From the first line to the last, return the data exactly, with no pictures.

GIVEN MATERIAL
···
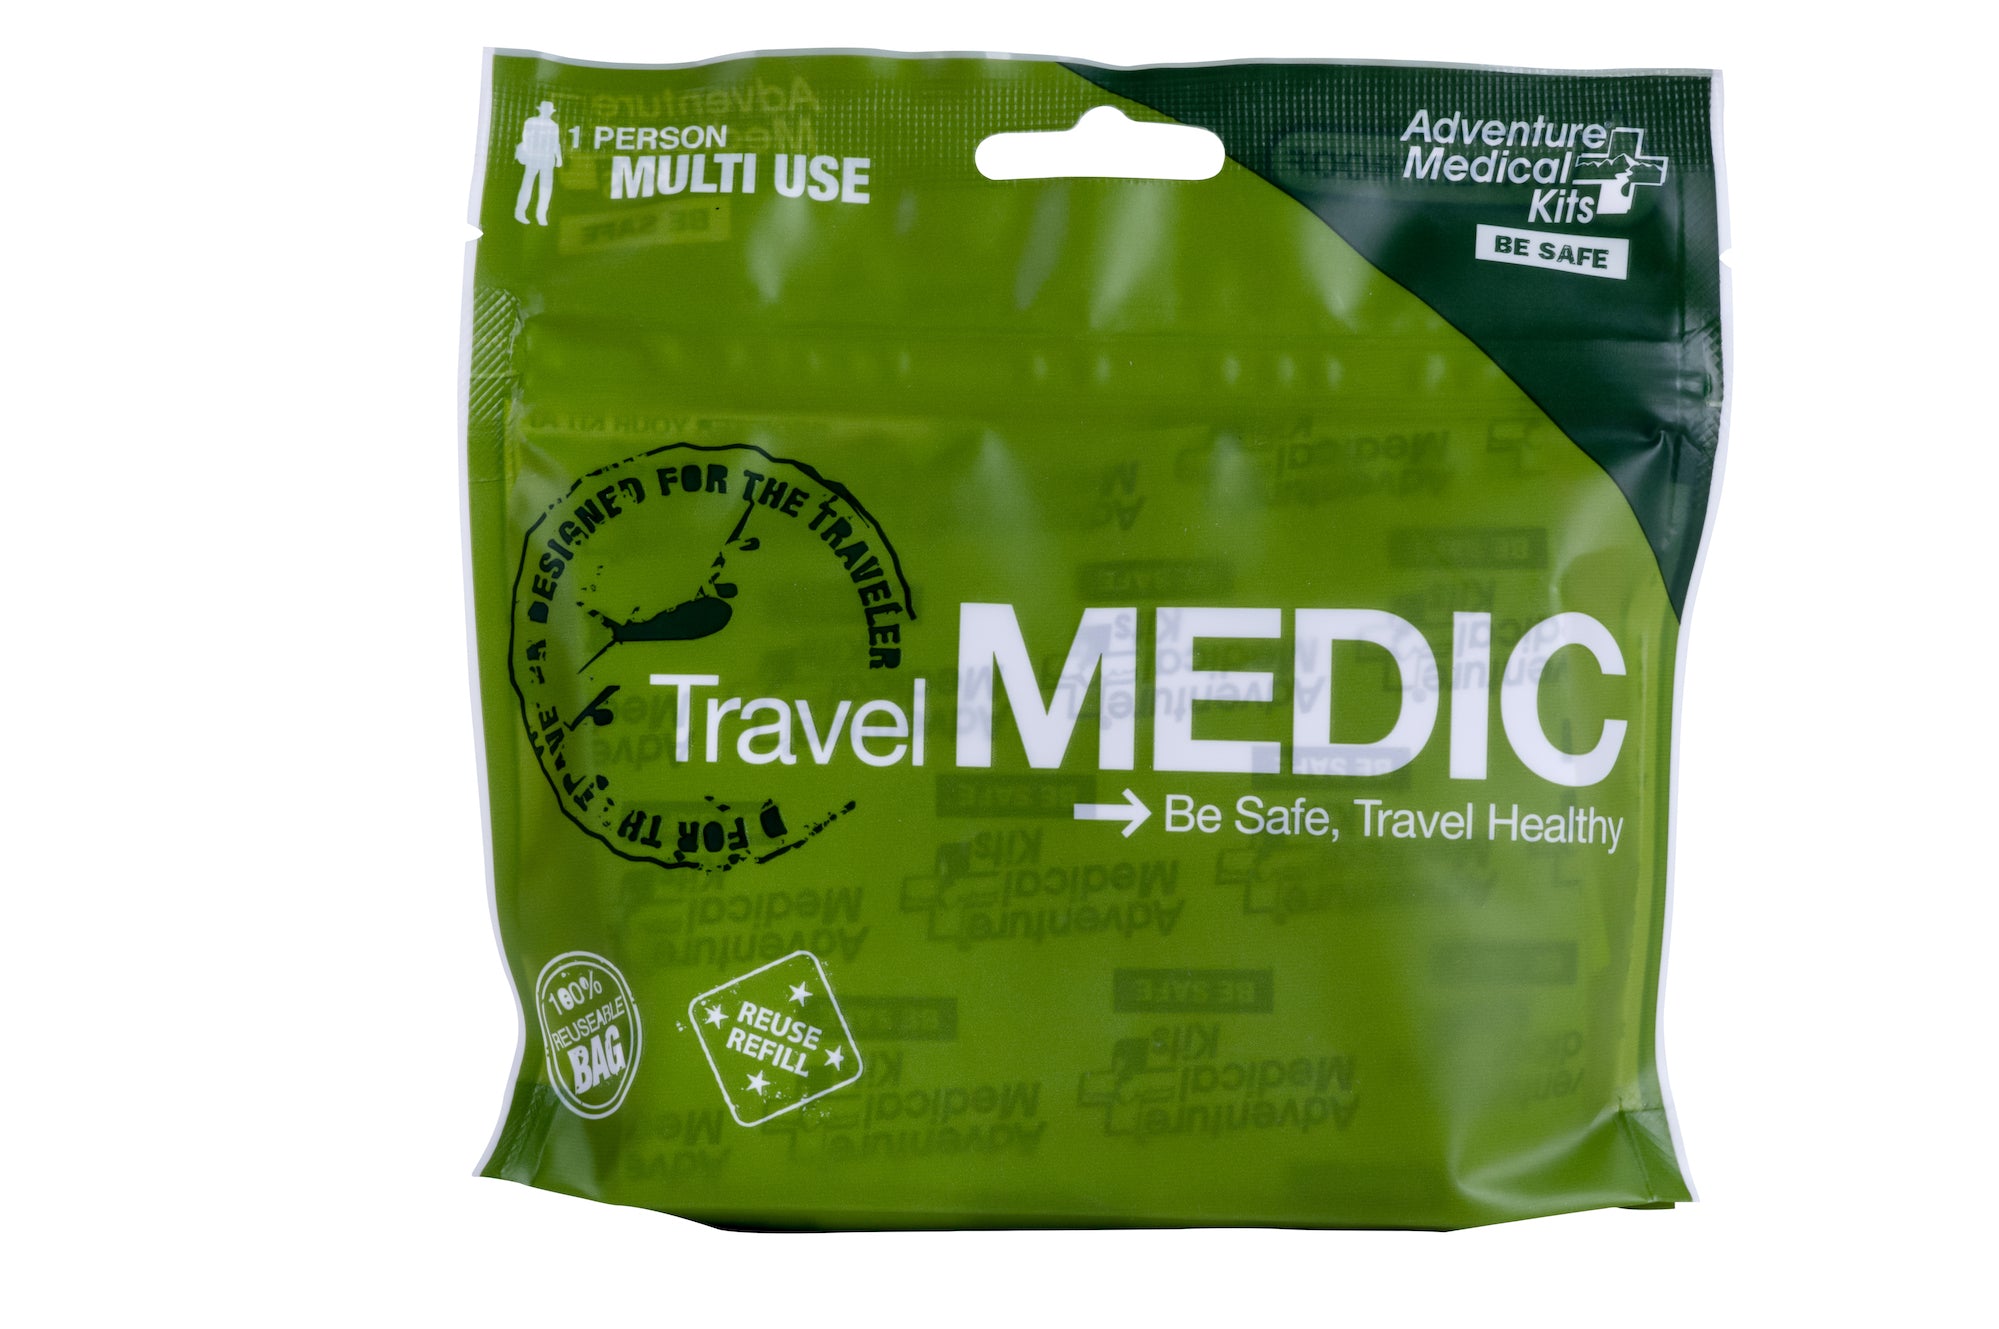 TRAVEL Series Medical Kit - Smart Travel – Focus Health
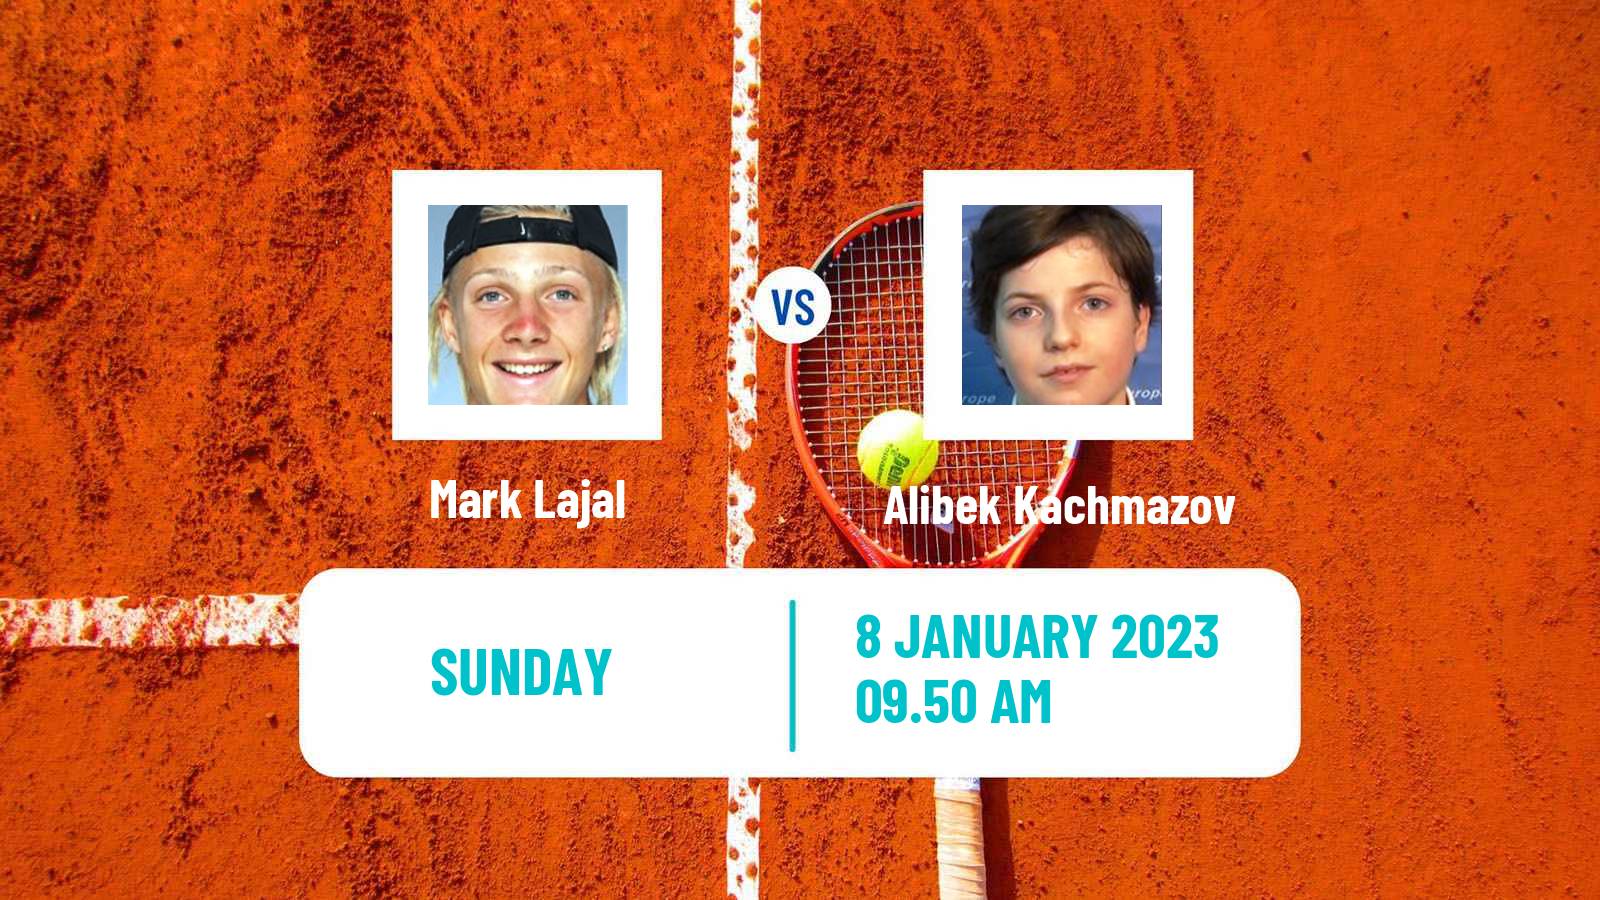 Tennis ATP Challenger Mark Lajal - Alibek Kachmazov
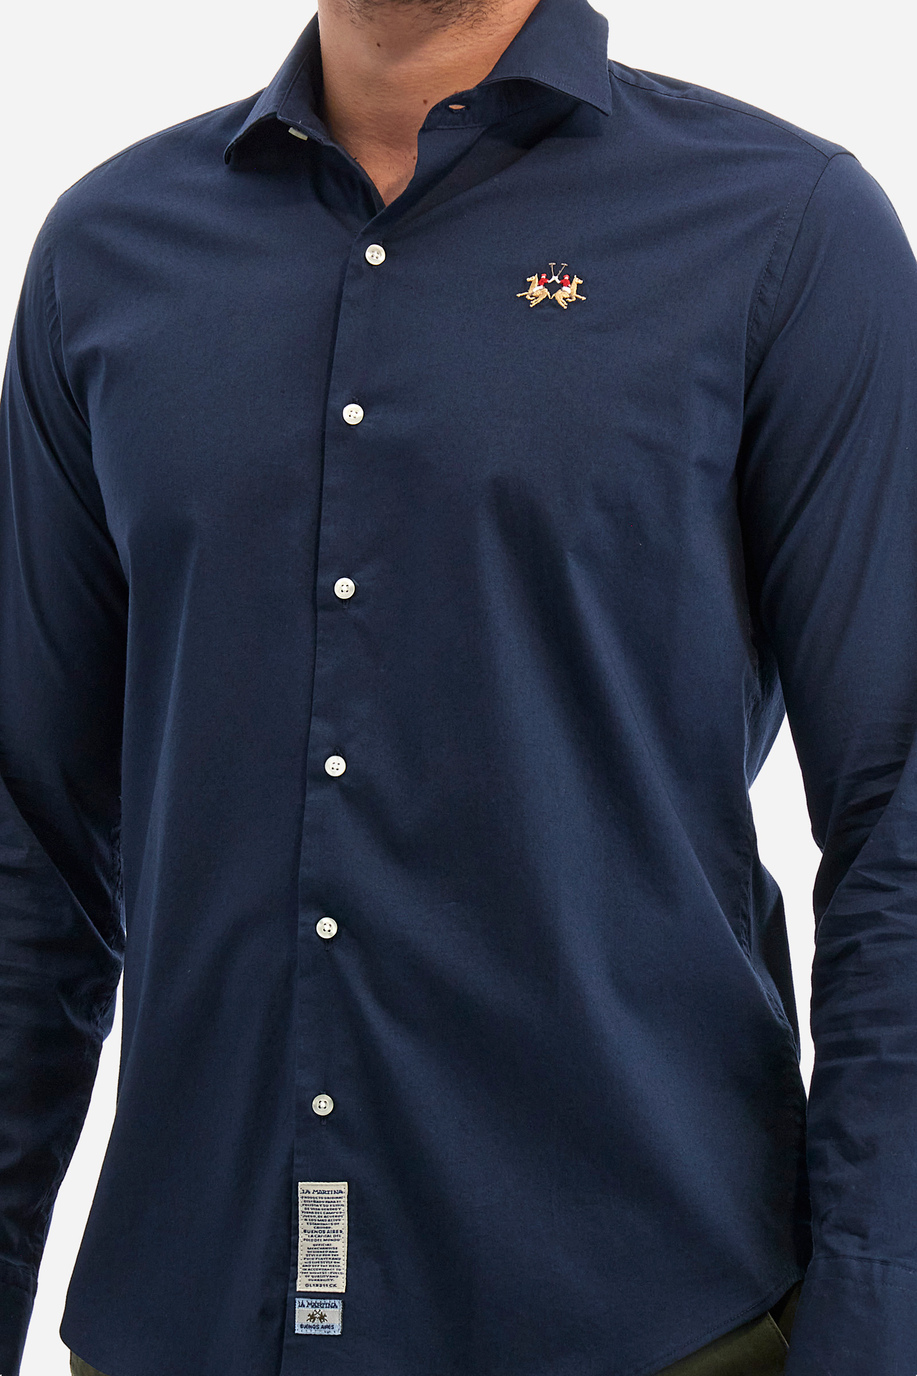 Men’s slim fit shirt small logo - Innocent - XLarge sizes | La Martina - Official Online Shop
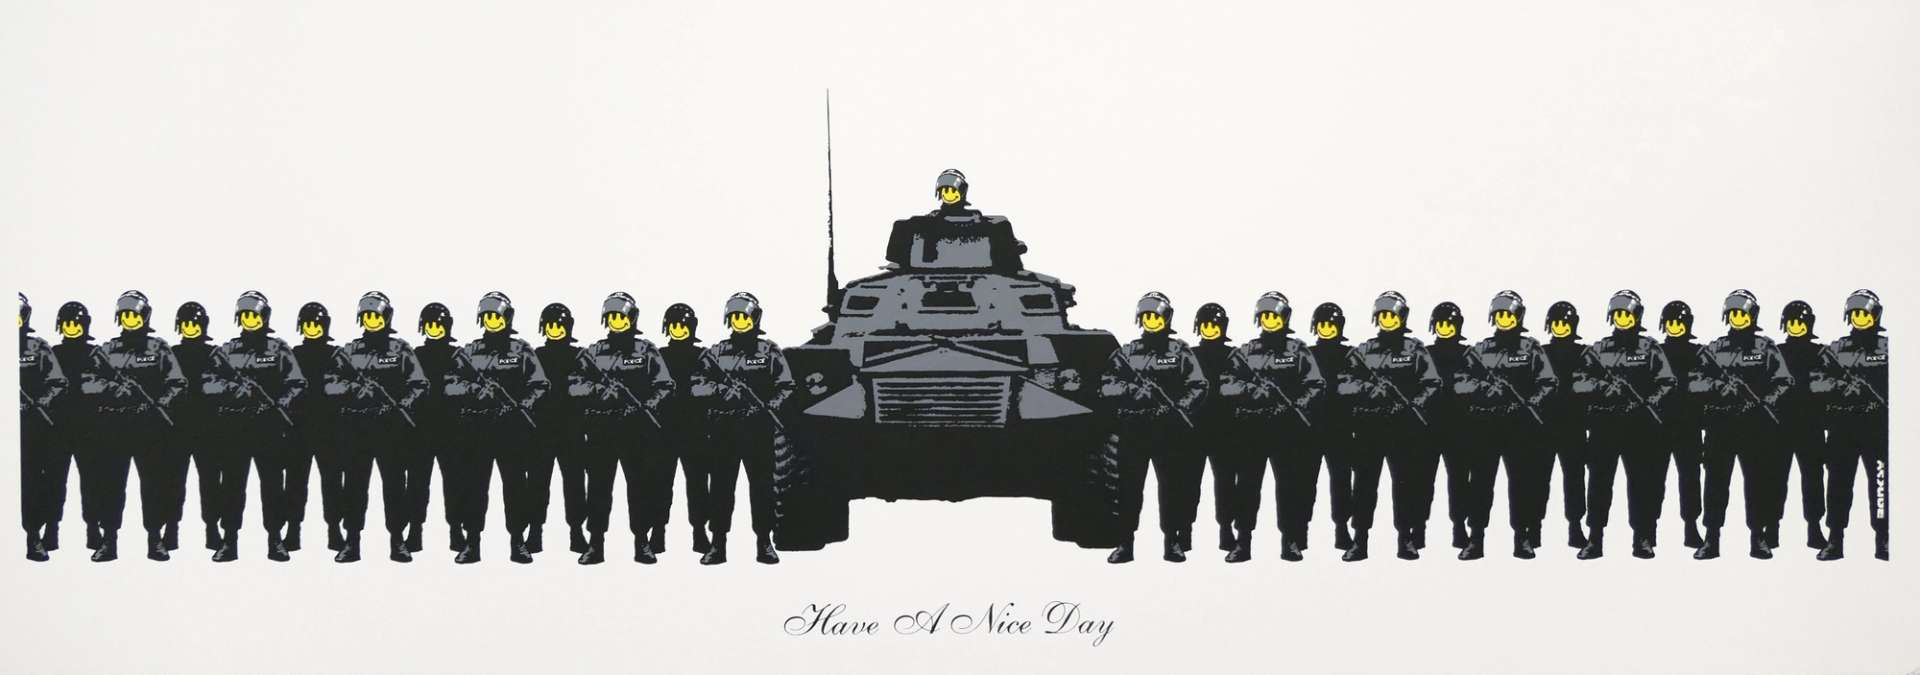 Have a Nice Day by Banksy - MyArtBroker
···
SOLUTION TO THIS EXERCISE
 TRAVEL Series Medical Kit - Smart Travel – Focus Health
 Tennis ATP Challenger Mark Lajal - Alibek Kachmazov
 Men’s slim fit shirt small logo - Innocent - XLarge sizes | La Martina - Official Online Shop
 Have a Nice Day by Banksy - MyArtBroker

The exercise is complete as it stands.